Не знаю, какимъ образомъ изъ гвардейской пѣхоты Пущинъ попалъ въ кавалерійскіе бригадные командиры. Ѣздилъ онъ верхомъ изъ рукъ вонъ плохо, и на ученіяхъ въ присутствіи старшаго начальства становился нѣмъ. Зато, являясь старшимъ, старался какъ можно болѣе выказывать свой авторитетъ и требованія, не всегда исполнимыя.

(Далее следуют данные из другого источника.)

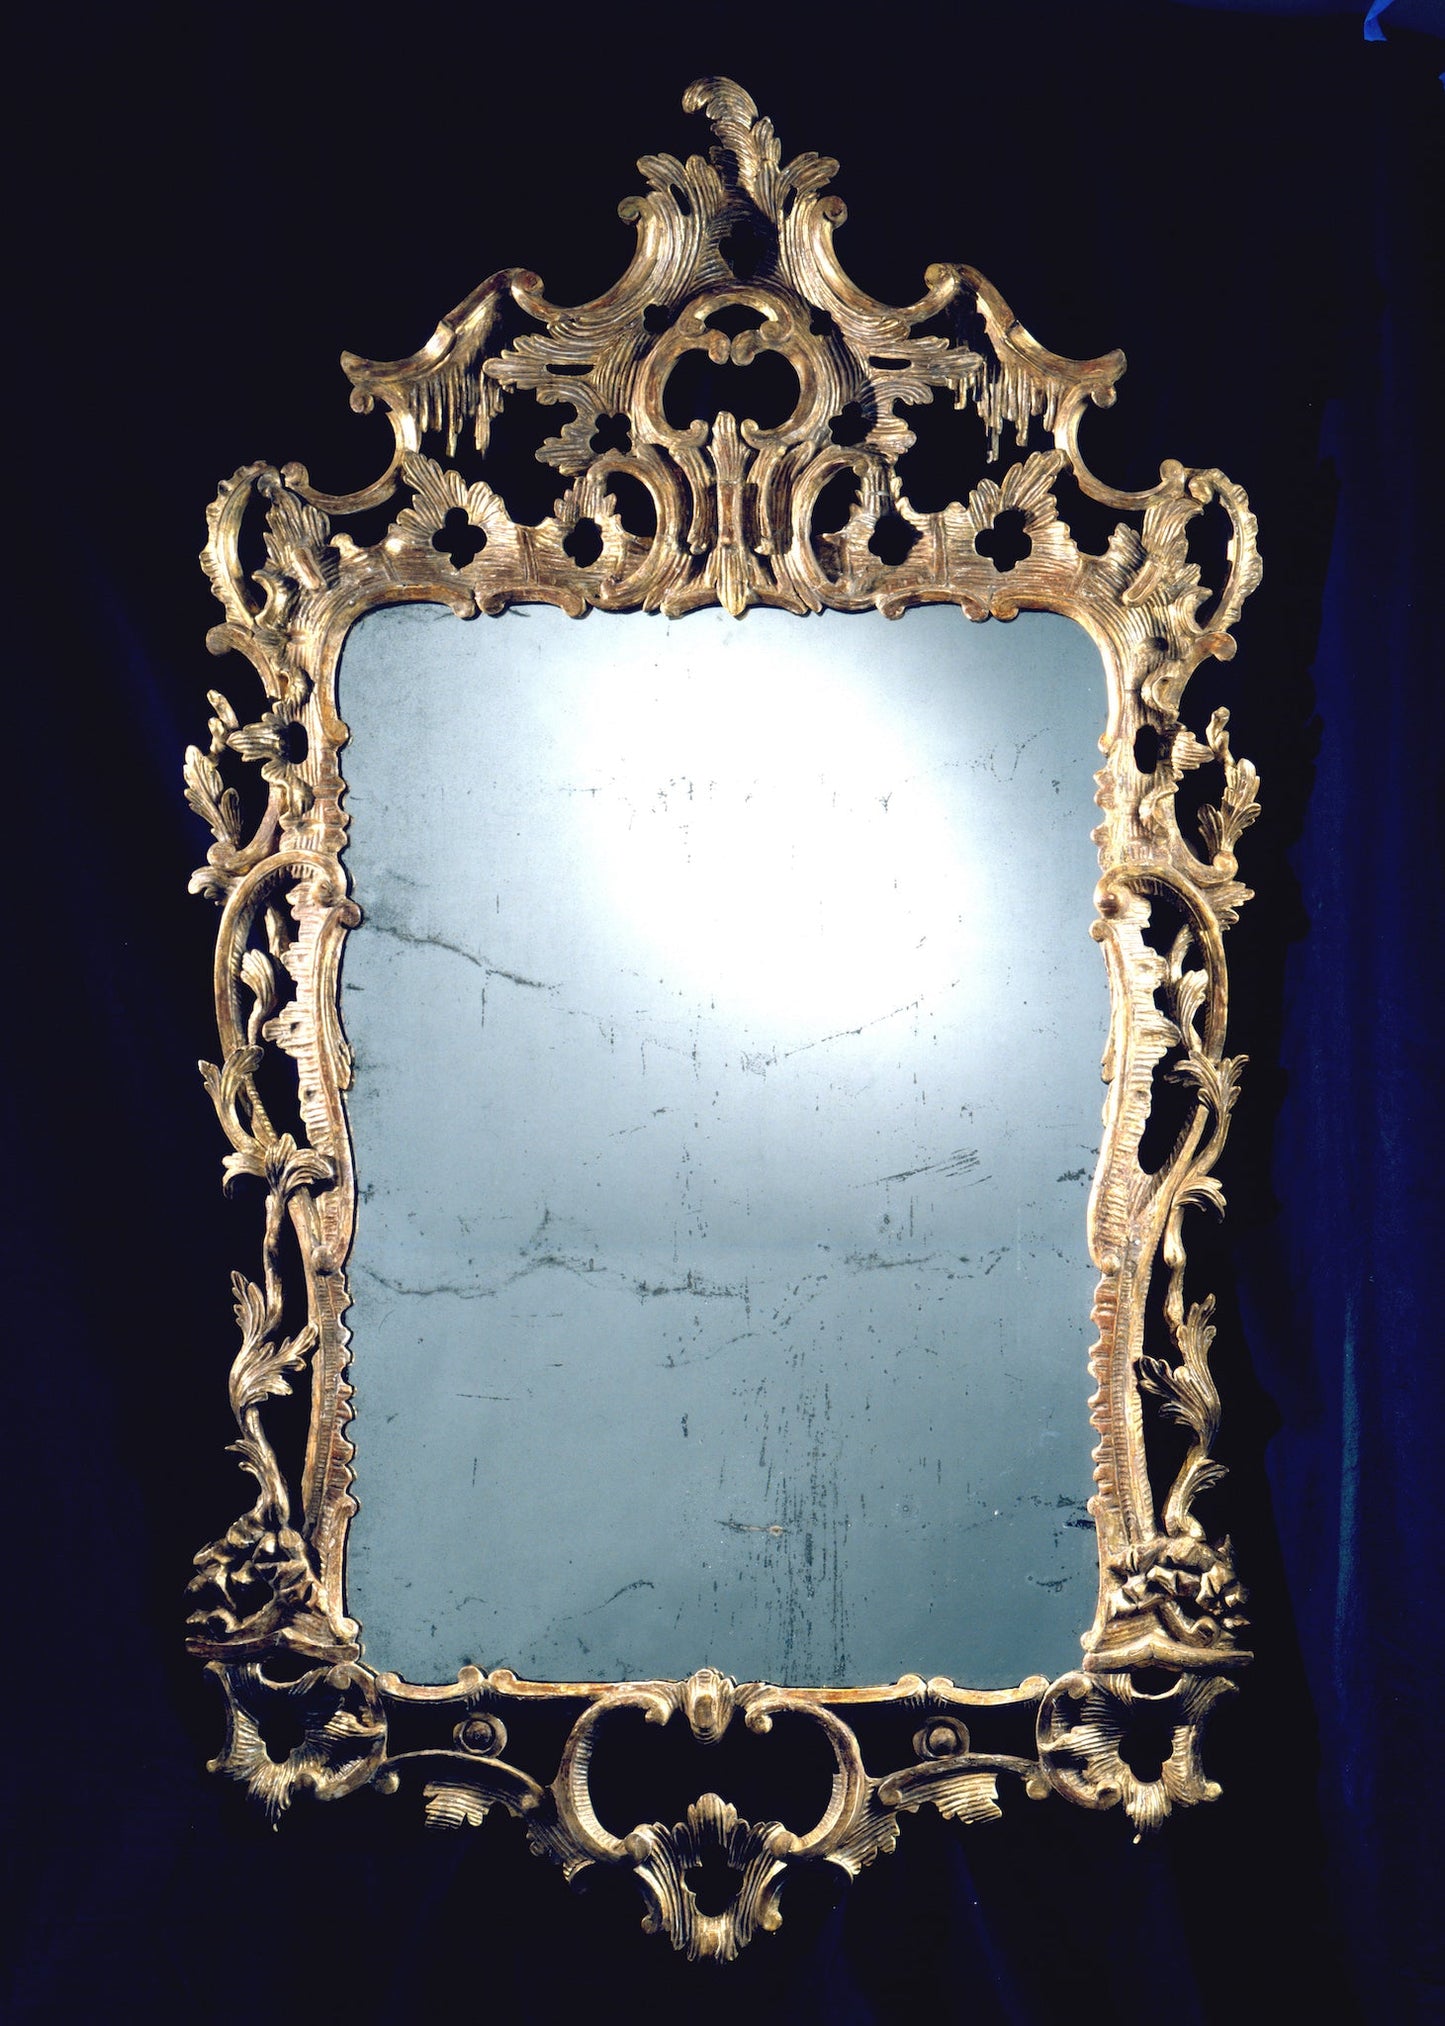 Carved-and-Gilded-Baroque/Rococo-Looking-Glass

Однажды вечеромъ, появившись у генерала съ полковникомъ, мы застали тамъ въ блестящемъ люстриновомъ сюртукѣ черняваго съ прыгающими черными глазами еврея. [471]Еврей этотъ былъ въ большомъ почетѣ, какъ говорили, у окрестныхъ дамъ въ качествѣ знахаря и врача. Видно было съ перваго раза, что ловкій еврей вполнѣ овладѣлъ Петромъ Павловичемъ. Когда мы вчетверомъ сѣли за прекрасный ужинъ, еврей не брезгалъ вкуснымъ маіонезомъ, хотя въ немъ и было трефное мясо. Въ пріятельской бесѣдѣ Петръ Павловичъ любилъ изрекать максимы и сужденія сомнительнаго достоинства. Этой слабостью еврей воспользовался съ блестящимъ успѣхомъ.

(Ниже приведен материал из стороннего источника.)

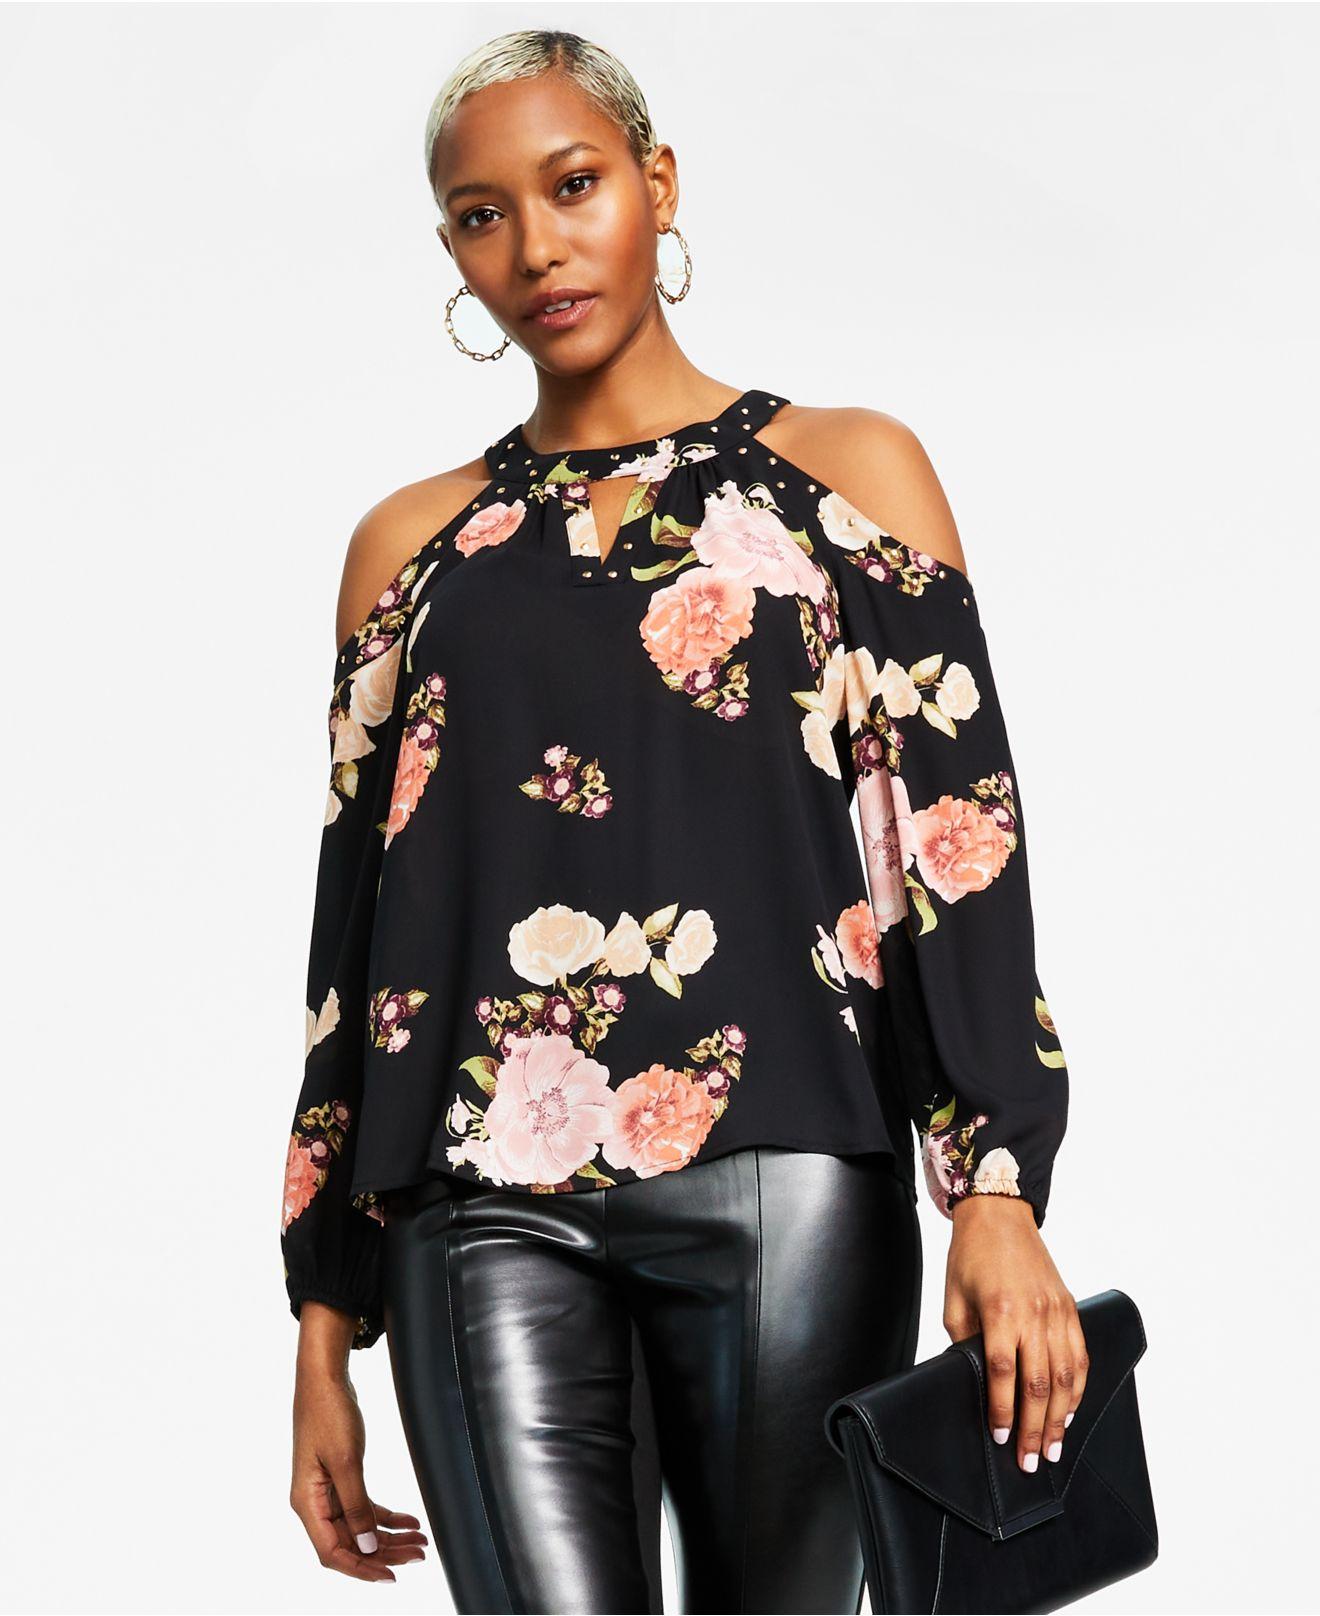 JM Collection Plus Size Garden Graphic Print Top, Created for Macy's -  ShopStyle

— Это вы, ваше пр—о, изъ Талмуда говорите.

— Какъ? неужели изъ Талмуда?

— Изъ Талмуда, ваше пр—о.

— Стало быть я знаю Талмудъ?

— Знаете, ваше пр—о.

— Карлъ Ѳед., слышите ли анъ-того! Я знаю Талмудъ. А онъ вотъ вамъ все разскажетъ, спросите хоть про себя.

На просьбу мою сказать что либо обо мнѣ, еврей, указывая пальцемъ на лѣвое плечо мое и рѣзко смотря мнѣ въ глаза, сказалъ:

— У васъ я вижу на правой сторонѣ не то родинка, не то царапинка.

— Дѣйствительно есть, сказалъ я, но только не на правой, а на лѣвой сторонѣ чуть замѣтная царапинка.

— Да вѣдь я же указывалъ на лѣвую, а для меня то она правая, отвѣчалъ еврей.

Такимъ образомъ онъ никогда не могъ ошибиться, такъ какъ нѣтъ человѣка, который бы отъ роду не былъ оцарапанъ съ той или съ другой стороны, хотя бы булавкой кормилицы.

Выходя отъ генерала вечеромъ, мы обыкновенно расходились съ Бюлеромъ, которому слѣдовало идти направо, а мнѣ налѣво, на улицу, ведущую къ канцеляріи и упирающуюся въ тотъ береговой кряжъ, на которомъ раслоложенъ былъ казенный садъ и мастерскія. При поворотѣ на эту улицу еврей догналъ меня. Въ нѣкоторомъ отдаленіи передъ нами въ сумракѣ ночи горѣли огни въ мастерскихъ, расположенныхъ террасами надъ уровнемъ плоской улицы. Еврей не захотѣлъ упустить случая блеснуть ученостью. [472]

— Вонъ люди, сказалъ онъ, живутъ на толстотѣ земли.

— Что такое? спросилъ я, не понявъ выраженія.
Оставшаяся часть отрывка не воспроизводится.